Self-reported benchmarks. Read carefully.
JetBrains released Mellum2 as an open-weight model under the Apache 2.0 license on June 1, targeting developers who want a local inference option for coding, debugging, multi-step reasoning, tool use, and agentic workflows. The architecture is a 12-billion-parameter Mixture-of-Experts model. That number understates what actually runs per inference: Mellum2 activates only 2.5 billion parameters per token, routing each token to 8 of its 64 expert subnetworks. Less compute per forward pass, lower latency per token, that’s the MoE argument for developer tooling, where you’re generating dozens of code completions per session rather than one long essay.
The architecture is confirmed. JetBrains’ technical paper on arXiv corroborates the 12B/2.5B active, 64-expert/8-active structure, along with Grouped-Query Attention using 4 KV heads and Sliding Window Attention. JetBrains reports a 128K context window and approximately 10.6 trillion tokens in the training dataset, both figures from the vendor’s technical report, not independently verified.
AIME 2025+2026 Score (per JetBrains technical report)
Disputed Claim
The benchmark profile is where this gets interesting. According to JetBrains’ technical report, Mellum2 scores 69.9% on LiveCodeBench v6. For a coding-specialized model, that’s the number that matters most to its target audience. JetBrains also reports a “Thinking” variant trained via RLVR, which scores 58.4% on AIME 2025 and 2026. The catch is that Qwen3.5-4B, a general-purpose dense model less than a third of Mellum2’s total parameter count, reportedly scores 68.3% on the same AIME evaluation, per the same technical report. A smaller dense model outperforming a larger MoE on mathematical reasoning. JetBrains disclosed this comparison themselves. That’s worth noting.

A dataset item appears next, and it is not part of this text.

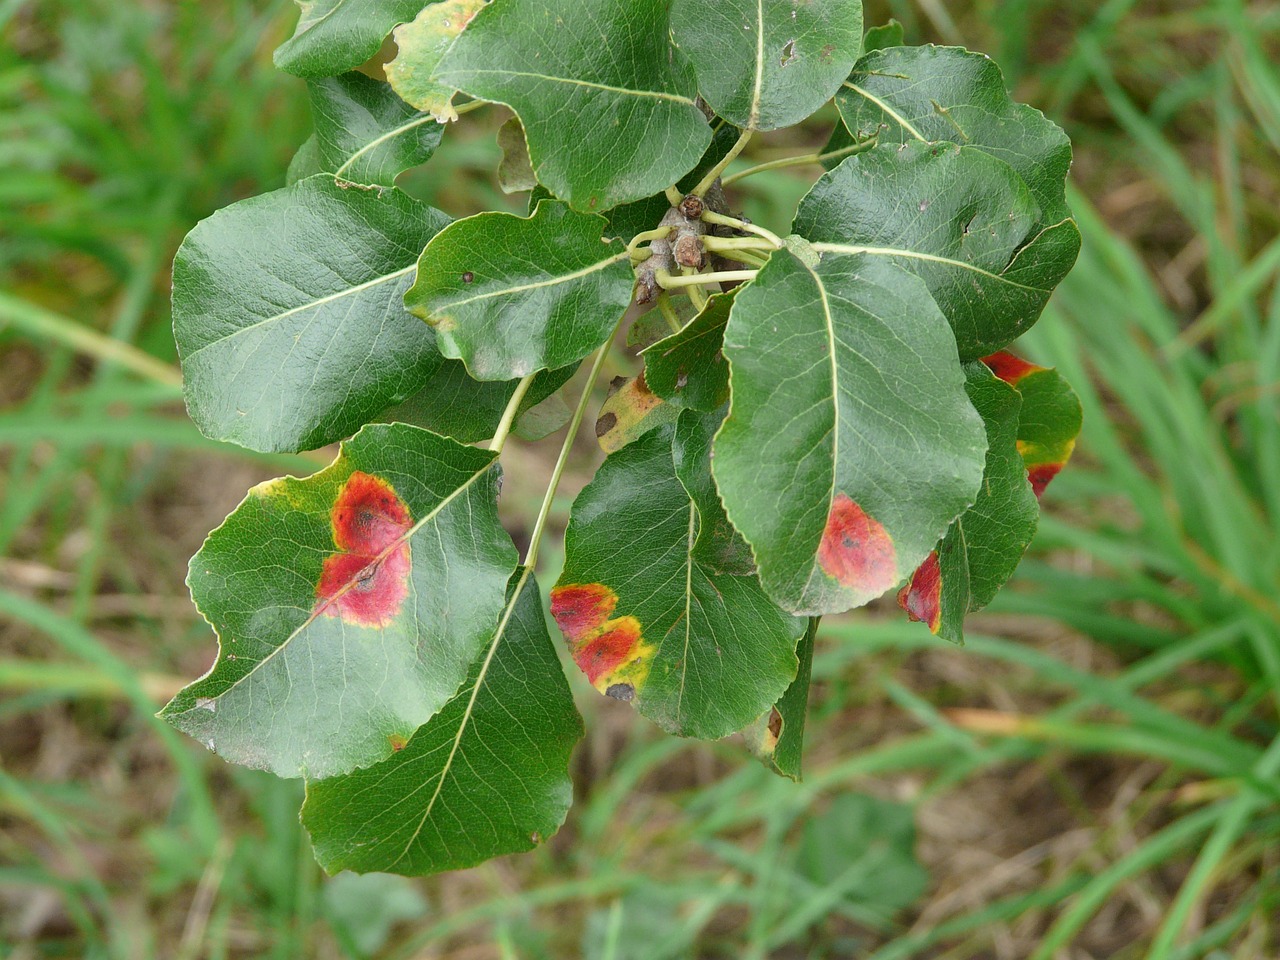 birnbaum leaves pear disease free photo

JetBrains claims up to 2x faster inference compared to dense models of similar parameter count. This figure appears in the vendor’s announcement but wasn’t confirmed in the arXiv abstract content available for review, treat it as a vendor claim until independent benchmarks emerge.

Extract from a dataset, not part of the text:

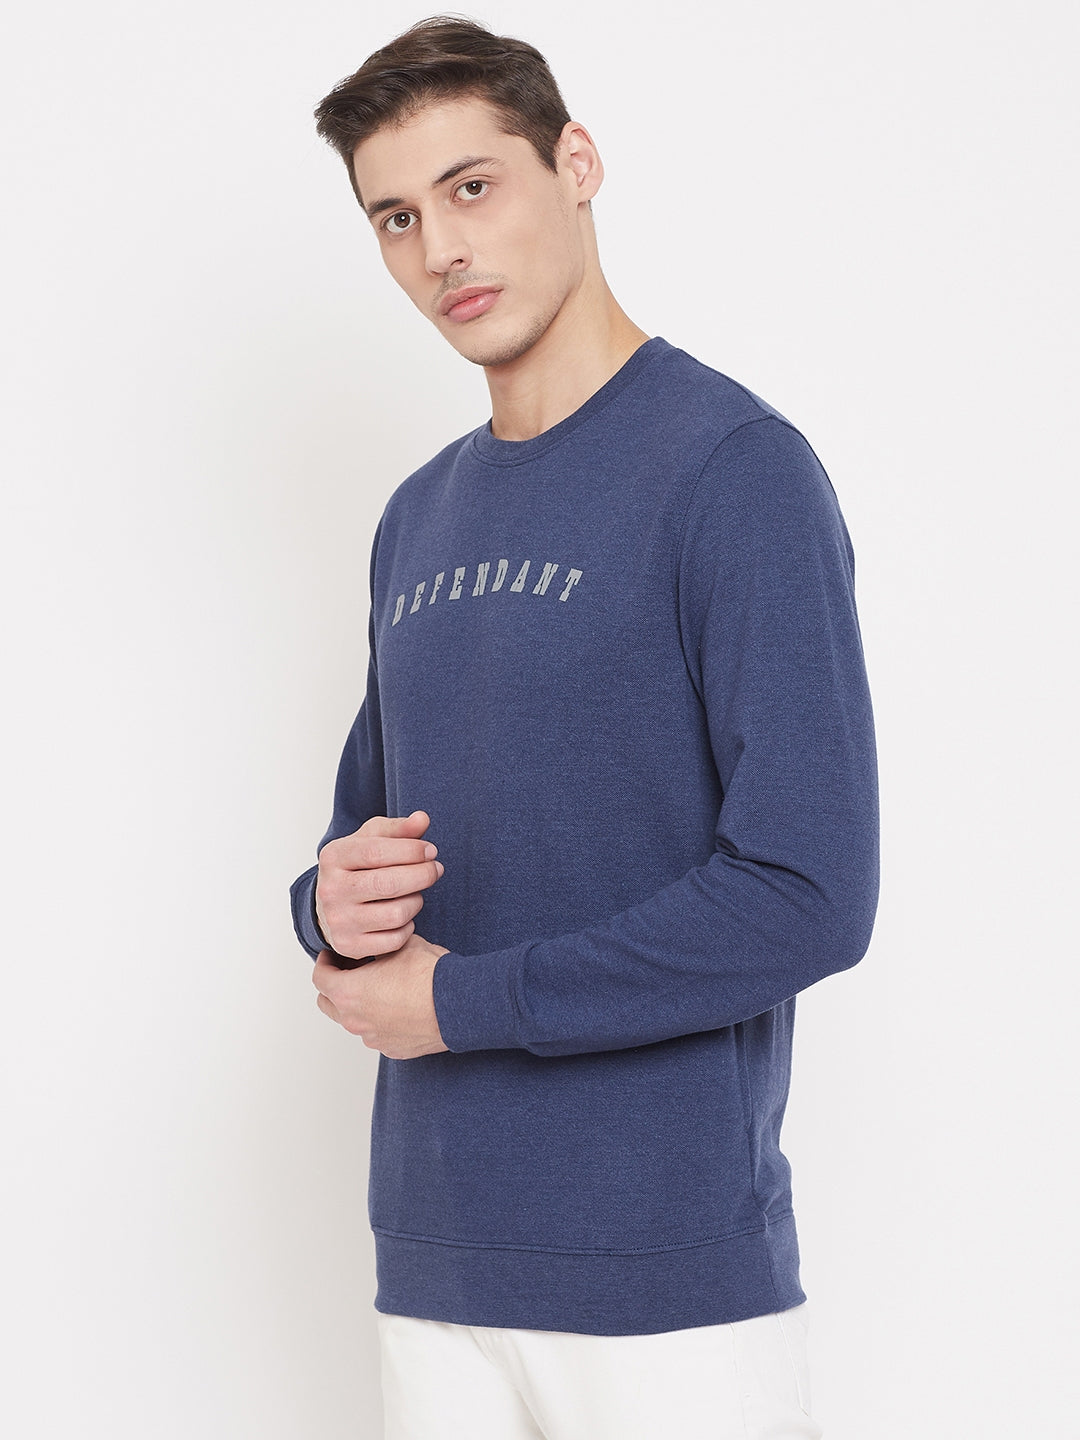 Blue Printed Round Neck Sweatshirt - Men Sweatshirts

Deployment is functional but not frictionless. vLLM supports the model natively. Standard Transformers-based pipelines work but may carry overhead from the custom architecture. Early community reports suggest compatibility challenges with Ollama due to that custom MoE structure, if you’re running local inference on Ollama, verify compatibility before building around it. The Hugging Face model card would normally clarify this, but that source was unavailable at the time of this brief’s production.
What to Watch
What to watch: Independent benchmark evaluation of the LiveCodeBench 69.9% figure is the key trigger. JetBrains published this via their own technical report, which is appropriate and transparent, but the performance claim hasn’t cleared an independent reproduction. Epoch AI coverage or a community reproduction on a standardized harness would move this from vendor-qualified to confirmed. Watch for those in the weeks following release.

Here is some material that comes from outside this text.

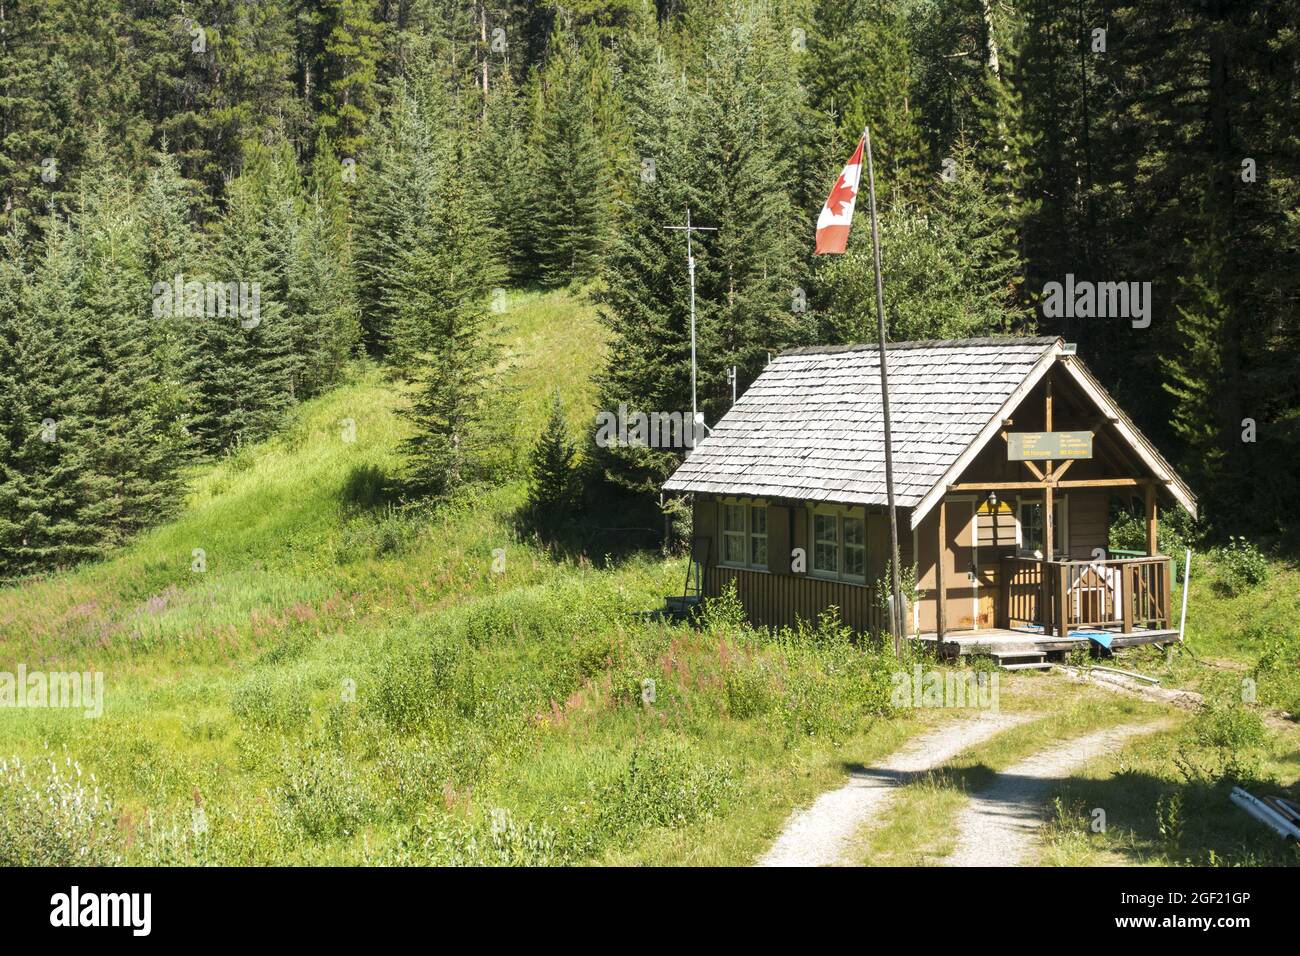 Parc national Banff Bureau de contrôle des avalanches extérieur de la cabine en bois avec drapeau canadien à Mount Norquay Alpine Meadow et Green Forest dans les Rocheuses canadiennes Banque D'Images

TJS synthesis: Don’t deploy this model for mathematical reasoning tasks where Qwen3.5-4B is already in your stack. For coding-specific agentic pipelines, code generation, editing, debugging, tool-use sequences, Mellum2’s MoE architecture makes a credible case on latency grounds, and Apache 2.0 removes the license friction. Wait for independent LiveCodeBench confirmation before replacing your current coding model. If vLLM is already your inference layer, this is worth a controlled evaluation this month.